I'm always amazed at how much they have grown. Part of growing up is their dislike of the camera. Well I caught them by surprise and no worries, we were parked at the time. 



















Sent from my iPhone using Tapatalk


----------



## lady amanda (Nov 26, 2010)

they sure do grow fast eh!!

but they are super cute!


----------



## dmgalley (Aug 19, 2012)

I love them.

Sent from my SGH-T999 using Tapatalk


----------



## lisaj (Mar 29, 2013)

Oh they are so SO gorgeous, I love their big black noses


----------



## arlo (Mar 11, 2013)

They are looking very grown up, but still so really darn cute


----------



## RuthMill (Jun 30, 2012)

They are so sweet!!


----------



## RuthMill (Jun 30, 2012)

Beemer top and Lexi bottom?


----------



## Tinman (Apr 23, 2013)

L&B are just the best duo ever! X


----------



## Lexi&Beemer (May 5, 2013)

RuthMill said:


> Beemer top and Lexi bottom?



Spot on!


Sent from my iPhone using Tapatalk


----------



## dio.ren (Jan 18, 2013)

Love Beemer's smile and Lexi's little muppet mouth Glad that you were at a stop SAFETY FIRST!!


----------



## Lexi&Beemer (May 5, 2013)

dio.ren said:


> Love Beemer's smile and Lexi's little muppet mouth Glad that you were at a stop SAFETY FIRST!!



I love her overbite. Even cuter when her tongue sticks our a little. 


Sent from my iPhone using Tapatalk


----------



## JoJo (Mar 2, 2011)

Growing up beautifully .. cute photos


----------



## Yogi bear (Feb 25, 2013)

The overbite is so endearing.
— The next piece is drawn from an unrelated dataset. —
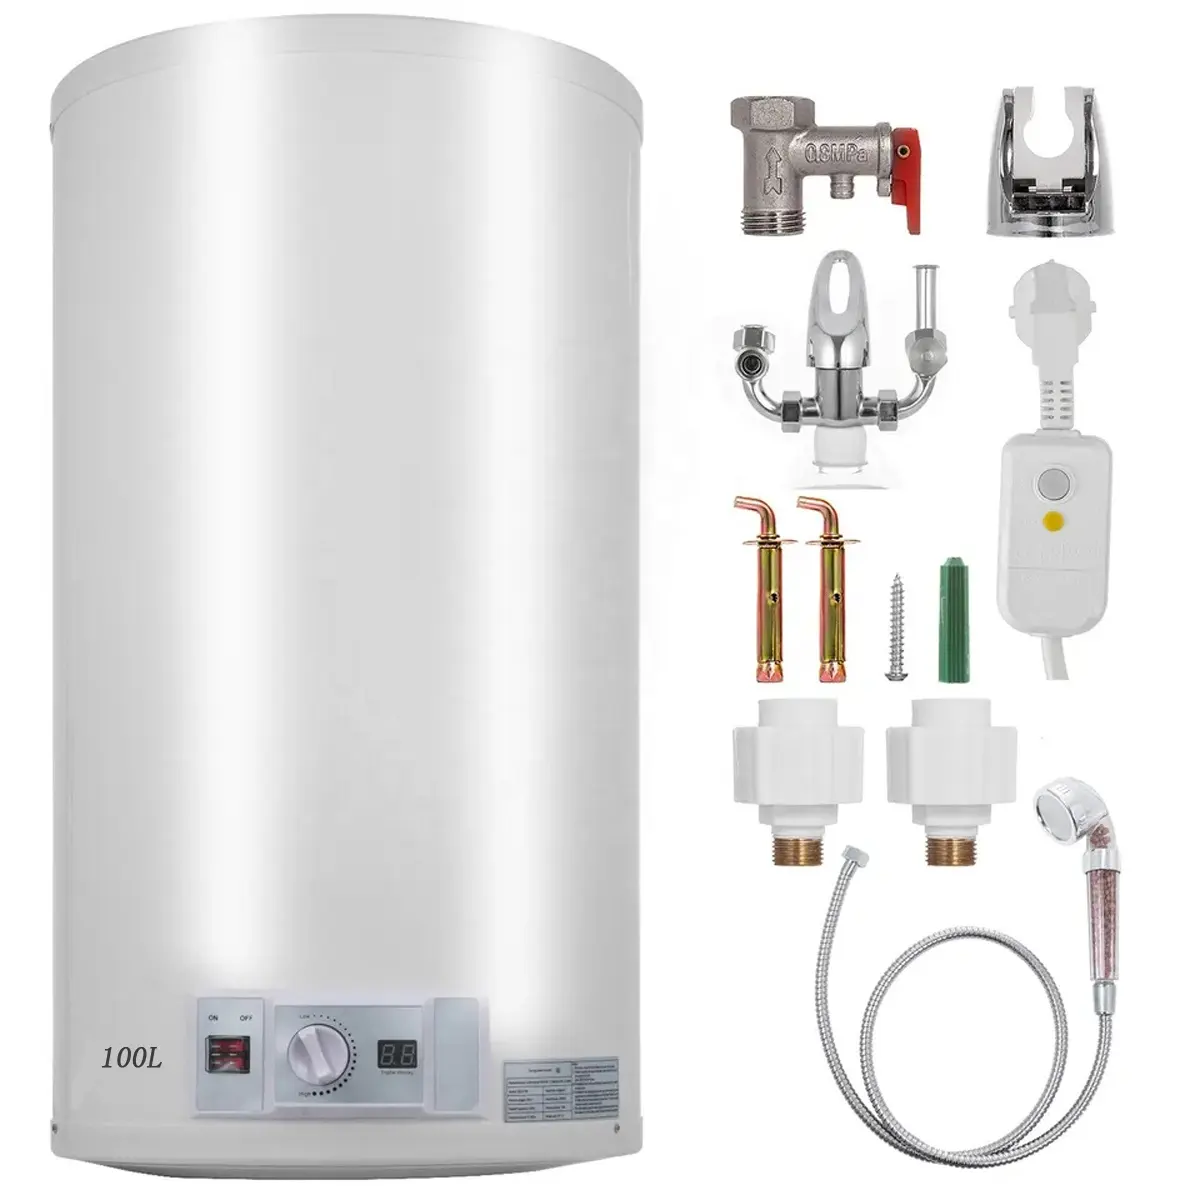 3KW 100L Bathroom Instant Electric Water Heaters

Gorgeous poos! 

https://www.facebook.com/SeymourTheRedCockapoo


----------



## fairlie (Sep 7, 2013)

Lexi&Beemer said:


> no worries, we were parked at the time.
> 
> 
> 
> Sent from my iPhone using Tapatalk


Thank you!  I had this scenario going in my nightmares where I'd be watching CNN and see a story about some woman who had swerved into a school bus full of octogenarians en route to volunteer at a leper colony.....Wolf and Anderson would be connecting the dots and we'd learn that the woman had been taking photos of two incredibly cute cockapoos instead of keeping her eyes on the road.


----------